На облаве. Часть первая

9 октября в общественном клубе приволжского городка Вка, Мил Мич Щов, страстный охотник «по красному», предлагал своим хорошим знакомым собраться в деревне Плетневке, на расстоянии 18 верст от Вка, чтобы, как он выражался, «поубавить бирючишков, да и прочей твари острастку дать». 

Глава первая

Четырнадцать записных и незаписных охотников воспользовались любезностью М–ла М–ча и составили собою основную группу грядущей облавы на бирюков (волков, зверей. — Прим. редакции); впоследствии к ней присоединилось еще 5–6 человек — аборигенов Плетневки и ее окрестностей. Облава предполагалась на 17 октября.

На облаве. Часть первая
Волки_by BioDivLibrary@FLICKR.COM

Я был охотник-новичок и об облавах имел весьма смутное понятие, составленное лишь по не вполне обстоятельным литературным наброскам. Картина облавы и ее живописные детали, бойко и живо нарисованные мне рассказом одного из четырнадцати, подействовали на меня настолько обаятельно, что ожидание дня облавы с каждыми сутками становилось для меня все томительнее и томительнее…

Наконец настал давно желанный день и вечером 16 октября я, в обществе господина К–зе, весьма добродушного немца и бывалого охотника, обремененный огнестрельными и съедобными аксессуарами, двинулся в желанный путь.

— Хорошо ли ты, Семен, знаешь дорогу-то? — обратился мой спутник к вознице.

— Еще бы те не знать… Почитай разов со сто езжал… К примеру, кажинный пенек примелькался! — Семен тряхнул вожжами и гикнул: — Эй, Боговы!..

Справная парочка дружной рысцой покатила по гладкой, но очень пыльной дороге, с которой открывался, между прочим, сказать, прелестный пейзаж окрестностей. Налево широкою лентою извивалась Волга, а за нею безграничная степная ширь; направо сплошные леса, то прорезываемые глубокими рвами, то усеянные высокими шишками (холмы), а впереди поля и леса, леса и поля…

Кругом тишь. Погрузившись в созерцание этой чарующей картины, мы изредка перекидывались отрывочными фразами, восхваляя то ту, то другую картинку величественной природы.

— Поля-то, поля-то, батенька, какие!.. — с пафосом восклицал К–зе и как-то отчаянно махал рукой.

Я соглашался, не понимая и не угадывая той глубокой мысли, которая таилась в этих многознаменательных словах.

— Только улюлюкни, — продолжал он развивать свою мысль, — так вон из этих бурьянчиков этого русака высыпет, что грибов после дождя… И дней тут привольно… Люблю я эту охоту; сколько я с ней лошадей загнал!.. — К–зе опять махнул рукой и стал закуривать папиросу.

Опять молчание, опять природа привлекла и взоры, и мысли наши, как бы призывая к созерцанию своих неисчислимых красот.
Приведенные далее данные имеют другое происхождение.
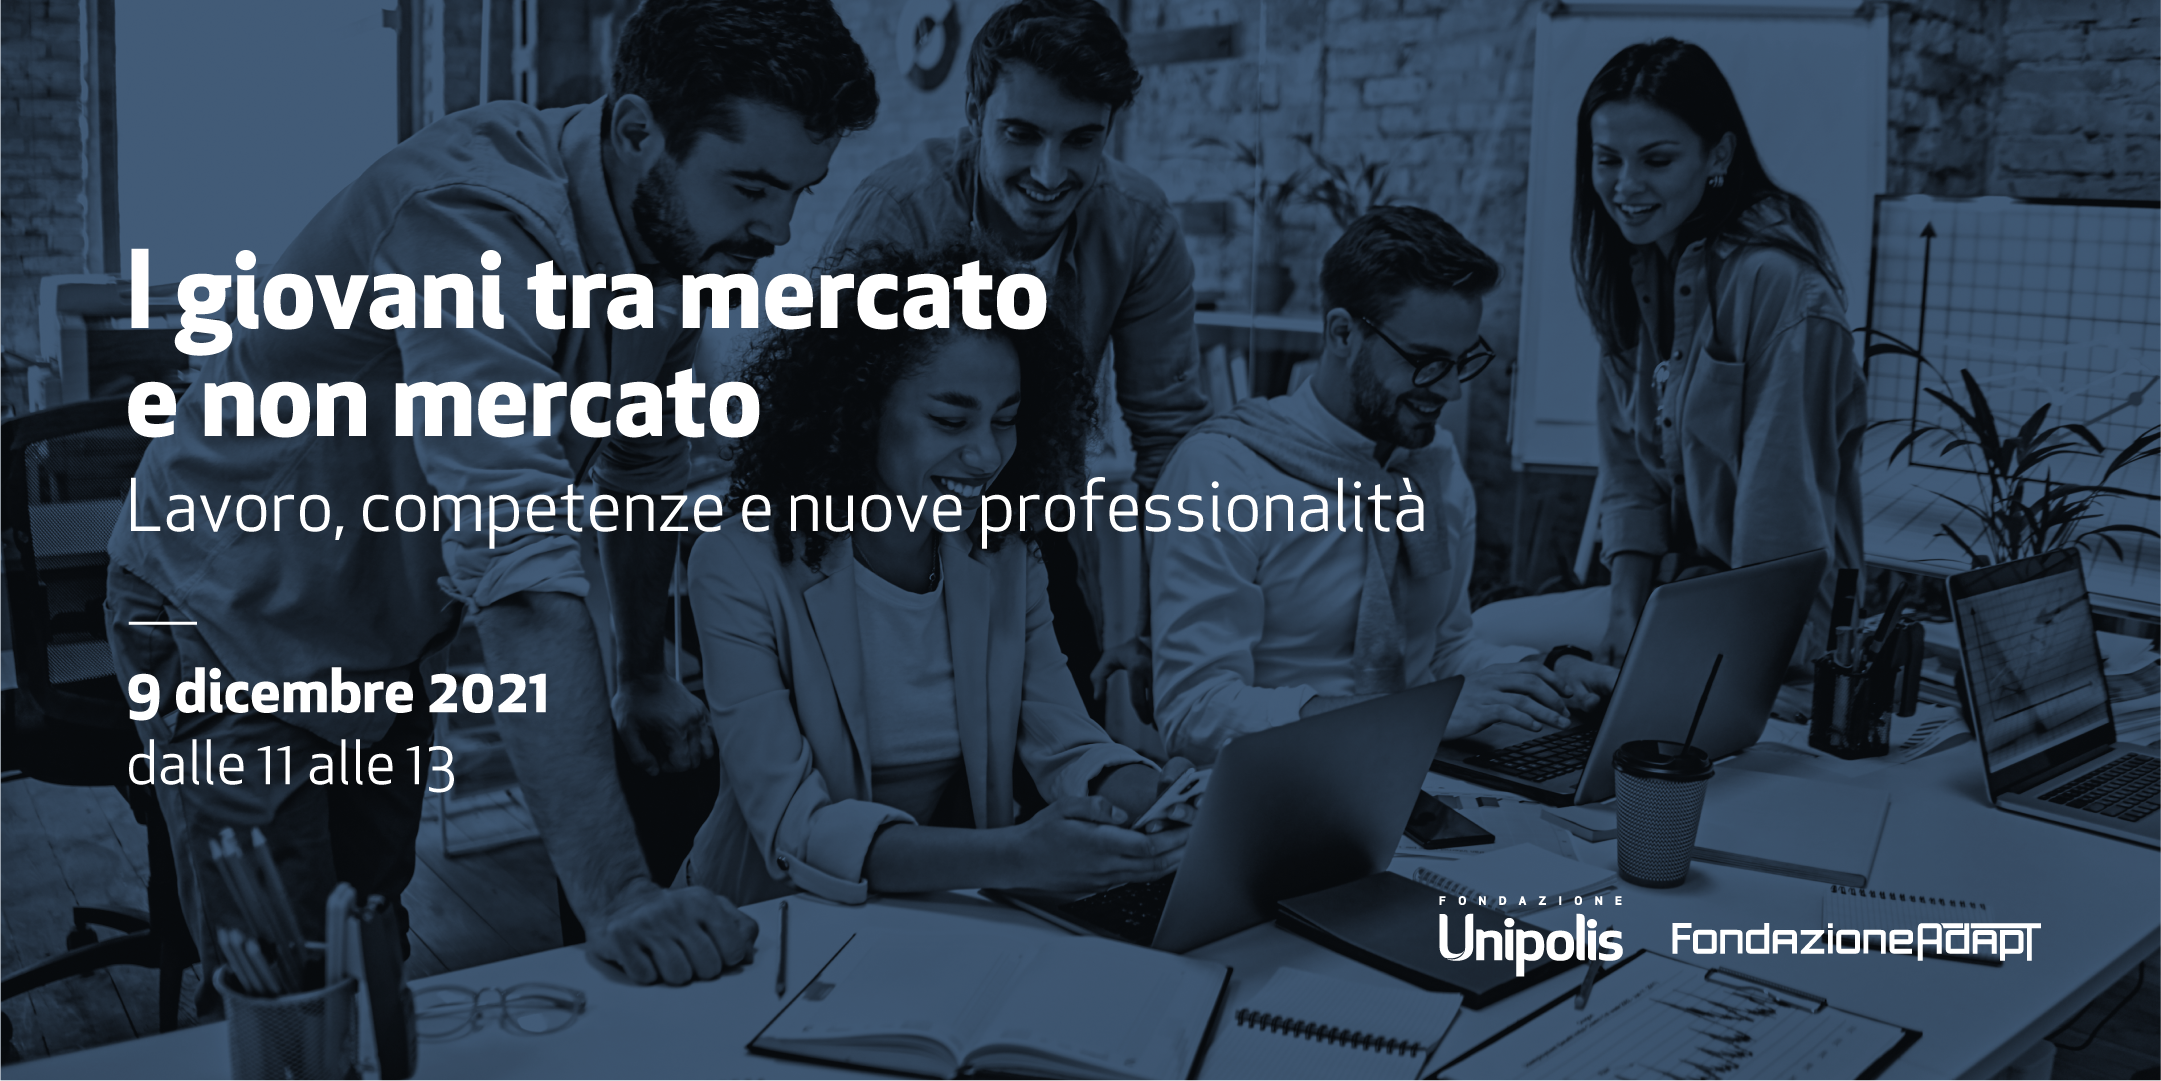 Fondazione Unipolis presenta: I giovani tra mercato e non mercato. Lavoro, competenze e nuove professionalità
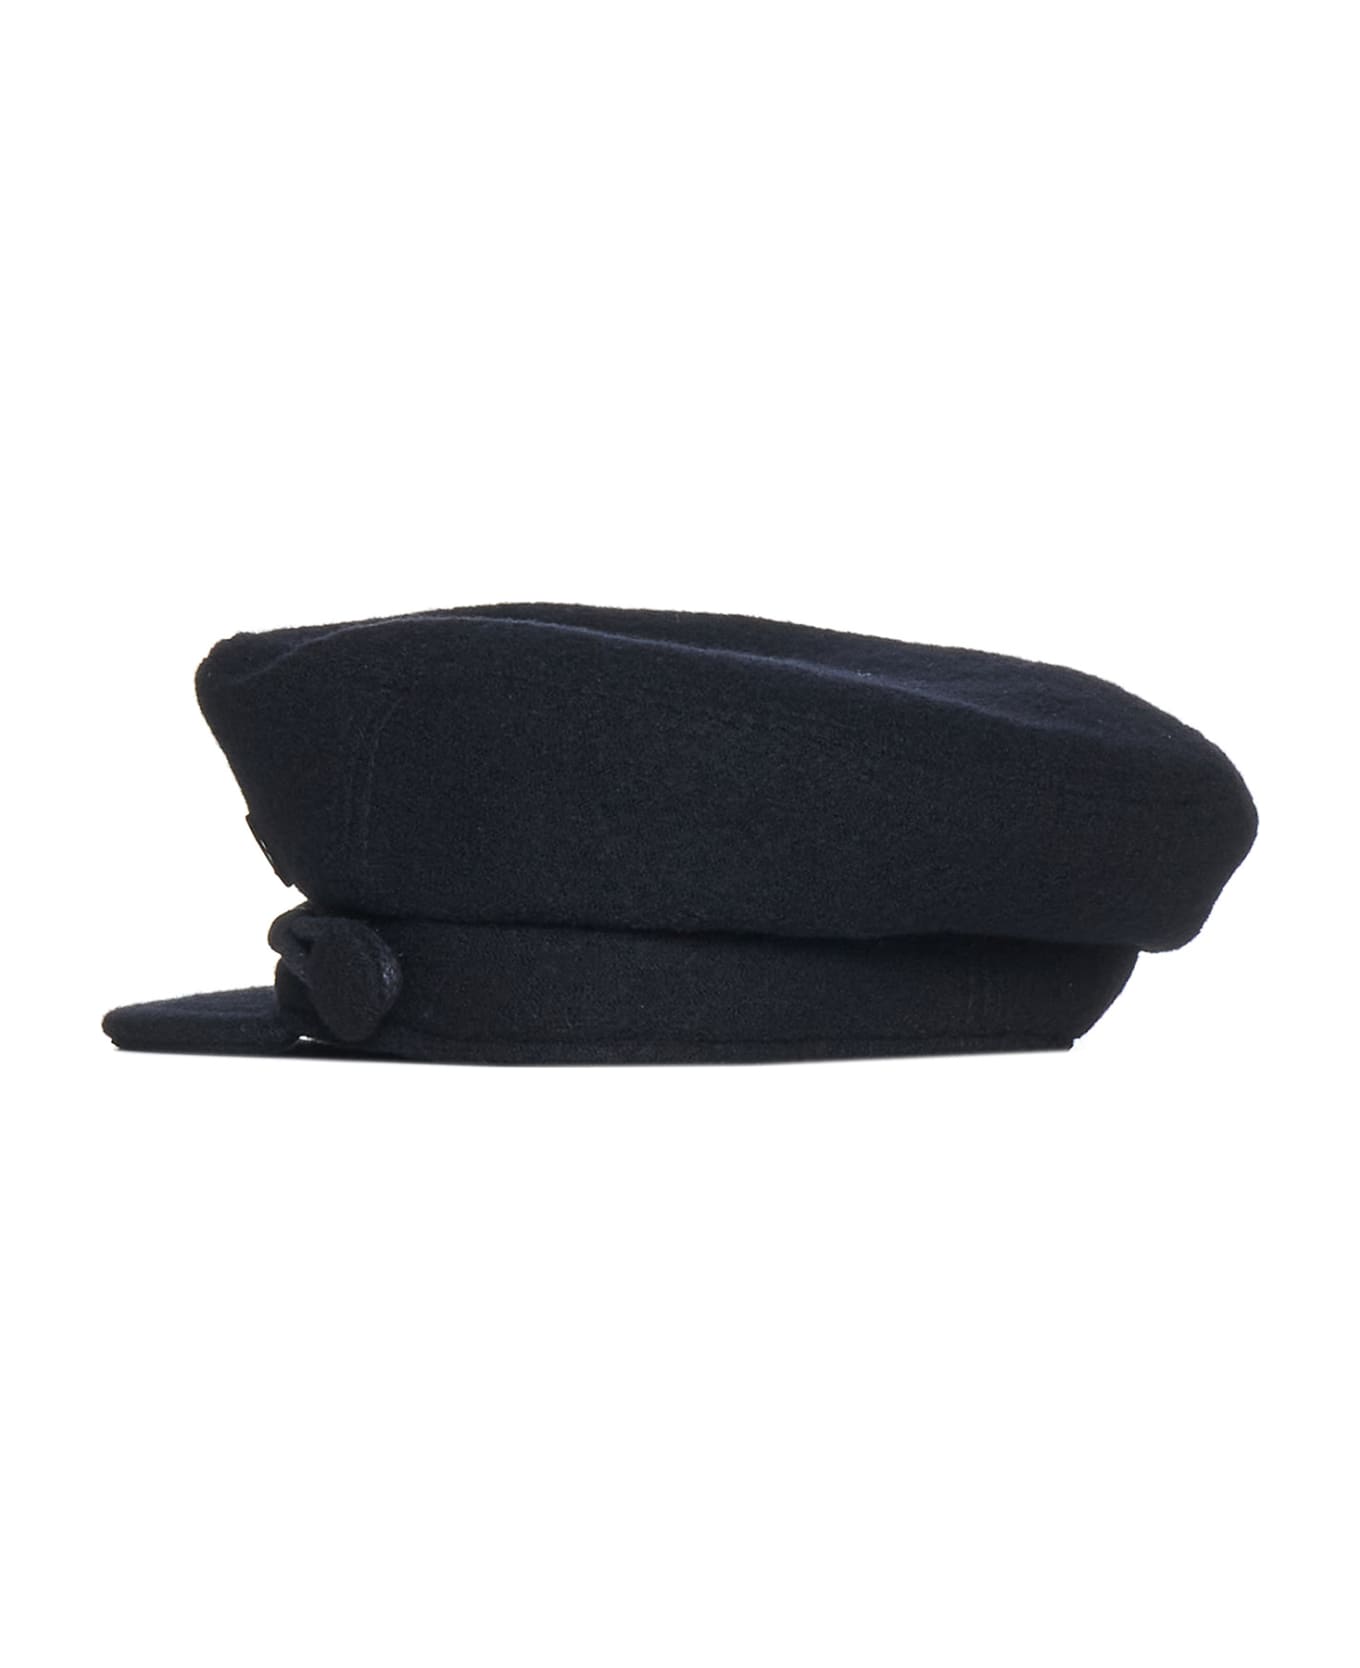 Maison Michel Hat - Black

Прошло около часа, а Плетневки не видать. Я стал терять терпение, почему и обратился к вознице со следующим вопросом:

— А что, Семен далек ли еще наш путь?

— Версты три с хвостиком (3,2 километра. — Прим. редакции) будет… Вот как минуем этот дол, — указывал он кнутовищем вдаль, — да взберемся на гору, тут и Плетневка. Так прямо в ворота и въедем…

На западе догорала последняя тонкая полоса бледной зари; засверкали небесные огоньки; на темном горизонте уже слабо очерчивался темный силуэт лесистых гор; просвистела над головой стая диких уток и вся природа погрузилась в сладкую дремоту. Стемнело совершенно; взобрались и на гору, за которой Семен обещал Плетневку.

Я напрягал свое зрение, чтобы проникнуть в густую тьму и найти или по огоньку, или по какой-нибудь другой примете, темный абрис Плетневки. Но старания мои были тщетны: ни звука, ни огонька, ни силуэта мельницы, ни лая псов не было слышно и видно.

— Ну что, Семен, должно быть скоро приедем? — снова спросил я своего возницу, в достаточных знаниях дороги которого я по каким-то непонятным побуждениям сильно сомневался.

— Теперича в секунду доставим, не более как версты с четыре осталось… (около 4,3 километра. — Прим. редакции) Тпрр… Трр. Эк избило дорогу-то, — флегматично промычал он и поехал шагом.

Ответ Семена рассмешил моего спутника, но совсем озлобил меня.

— Да что ты, таловая голова, с ума сошел, что ли? — закричал я на своего мучителя. — Раньше оставалось три версты, а теперь четыре?

— Одна-то, барин, выросла… — ухмыляясь, обратился он ко мне и как-то глупо захихикал. — Ведь тут дорогу-то меряла бабушка клюкой, да и та махнула рукой! А насчет Плетневки не сумлевайтесь: вот за этой шишкой будет овраг, а за оврагом-то сейчас и гумна… Эй вы, голуби, трогай что-ли! Ну-у!..

Мой спутник все еще смеялся «над точностью русского человека», как он выразился, а я, не на шутку раздосадованный, решился молчать и ждать уходящей от нас, как марево, Плетневки.

Прошло добрых полчаса, когда Семен, с тем же хихиканьем и с претензиями на остроту, нараспев проговорил:

— Вот и подъехали что ни на есть к первому месту, кабаком прозывается, духом крепким отзывается!..

— Где ж нам искать сборный пункт? — спросил я своего спутника.

Ответом на, мой вопрос был говор, долетавшей до нас со двора ближайшего шатрового дома, в окнах которого светились очень яркие огоньки. Мы слезли около него, заглянули в окна; действительно здесь был сборный пункт.

Глава вторая

В довольно опрятной и просторной горнице, за очень длинным столом, на котором пыхтел пузатый самовар, сидели пятеро охотников и вели очень жаркий разговор. Шумным приветствием встретили они нас и пригласили присоединиться к ним.

На облаве. Часть первая
Охотники. Фото-гравюра Шерера-Набгольца

Мы сняли шубы и прочие доспехи и уселись за чаепитие. Темою разговора была, несомненно, охота, во всех ее видах; особенною говорливостью, если можно так выразиться, отличался Н–ла П–ич С–ов, субъект весьма живого темперамента, приятный собеседник и лихой собутыльник. Всевозможными эпизодами из своей охотничьей жизни, преисполненными то глубокого комизма и юмора, то чрезмерного охотничьего зуда и жара, он услаждал присутствующих!.. Мы застали его повествование в тот момент, когда он начал его о когда-то бывшей облаве.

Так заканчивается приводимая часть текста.